NEW YORK Y LA CONQUISTA DE LA VERTICALIDAD: DEL HITO SIMBÓLICO A LA FUERZA DEL VACÍO - ARQ. MAXIMO MALDONADO SANTIAGO



A 20 años del ataque a las Torres Gemelas

Generalmente en el pasado la obra arquitectónica fue erigida con una intención monumentalista, el de dejar su huella en el tiempo, como el edificio religioso, el monumento propiamente dicho, edificios funerarios  o los palacios que representaban los “centros de poder”; todos ellos respondían a una necesidad que orbitaba en profundos estratos del alma colectiva. 

Muy diferente la obra arquitectónica que con el pasar del tiempo adquiere un valor histórico deviniendo en un símbolo debido a algún suceso de trascendencia social y que ya forma parte de la memoria colectiva, todo ello indiferente a la intención para la que fue concebido.

Este último es de la índole misma de la arquitectura de tiempos contemporáneos el cual dio paso a la aparición de nuevos temas, que se derivan del progreso industrial, tanto en el transporte como en la producción, materializada en un sinfín de edificios referidos a las nuevas necesidades. 

Por tanto, si la gran arquitectura histórica fue casi meramente monumental, en la era actual es casi íntegramente utilitaria o de carácter inédito, donde incluso podríamos afirmar que su carácter racional sobre lo formal y/o ornamental da paso a que ese carácter utilitario sea el eje simbólico. 

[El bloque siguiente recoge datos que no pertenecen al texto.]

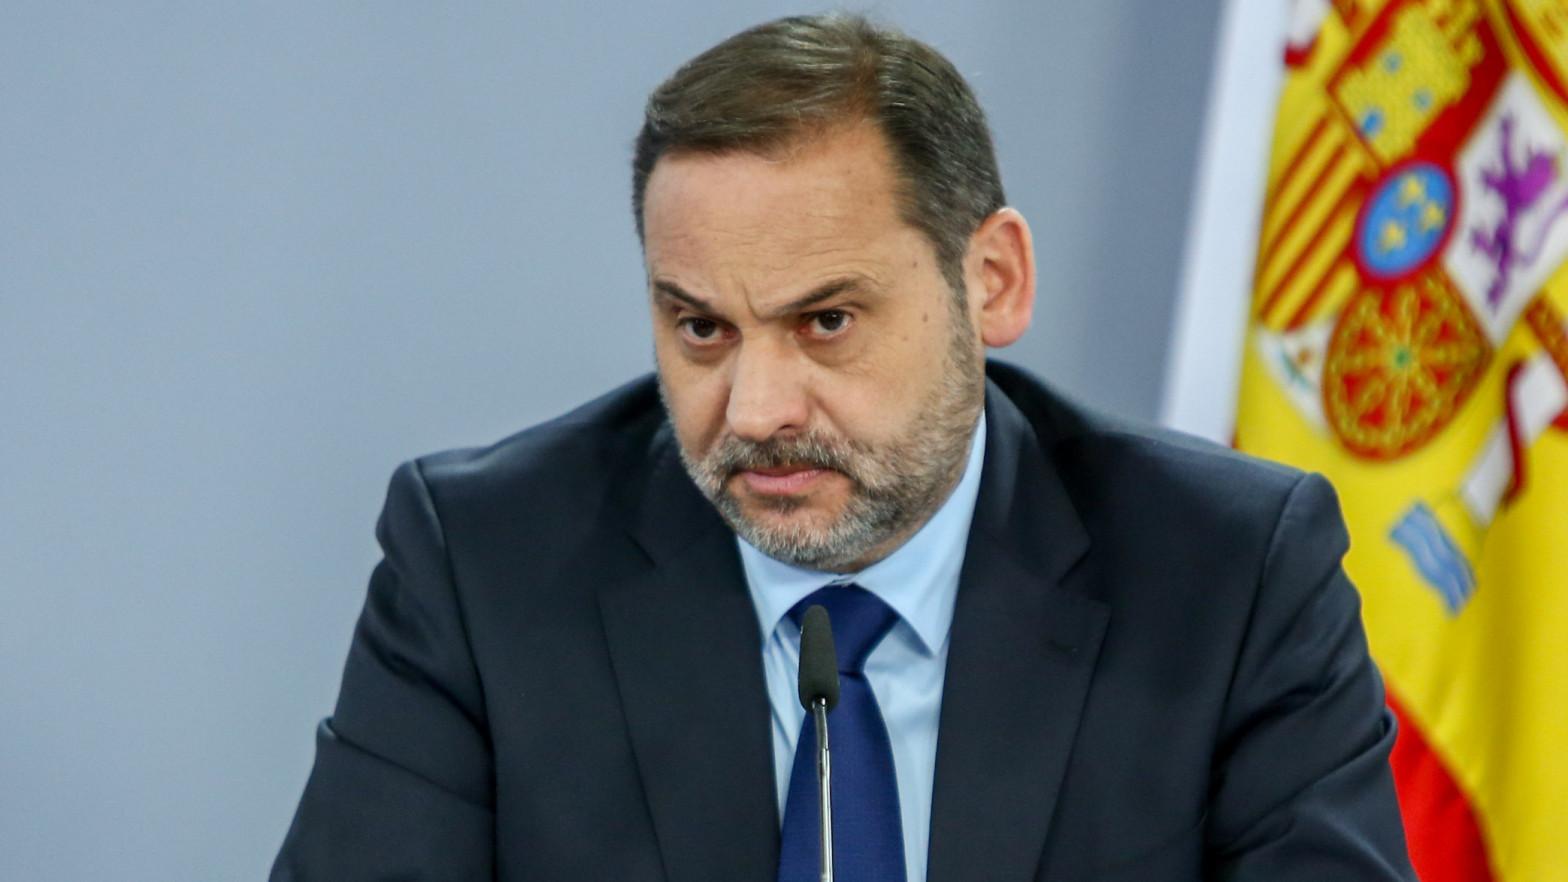 El PP pide explicaciones al Gobierno sobre su relación con el proveedor de mascarillas 'favorito' de Ábalos

En uno de esos avatares de la historia es que surgen las emblemáticas Twin Towers (Torres Gemelas), su historia, o en el devenir de su relativamente efímera existencia, nos hace reflexionar sobre La representación arquitectónica, que tiene un desarrollo histórico paralelo a la historia de la civilización.

Sabemos de modo general, que la arquitectura permite a la sociedad humana hablar de sí misma y hacer evidente las características especiales de su organización, poniendo en juego el sistema de valores éticos y estéticos vigentes.

Estos rascacielos no fueron ajenos a esa premisa y pusieron en evidencia, en este caso, que arquitectura y sociedad, soportan (necesariamente) el efecto de lo fortuito marcado por las características que asuma el contexto histórico; y es que “lo simbólico es aquello que ha trascendido de la significación a un nivel más profundo de apropiación, bajo un sustrato altamente cultural y antropológico” (Eska Elena Solano Meneses en “La interpretación simbólica de la arquitectura como mapa de la comprensión espacial: Una mirada desde la prosaica”).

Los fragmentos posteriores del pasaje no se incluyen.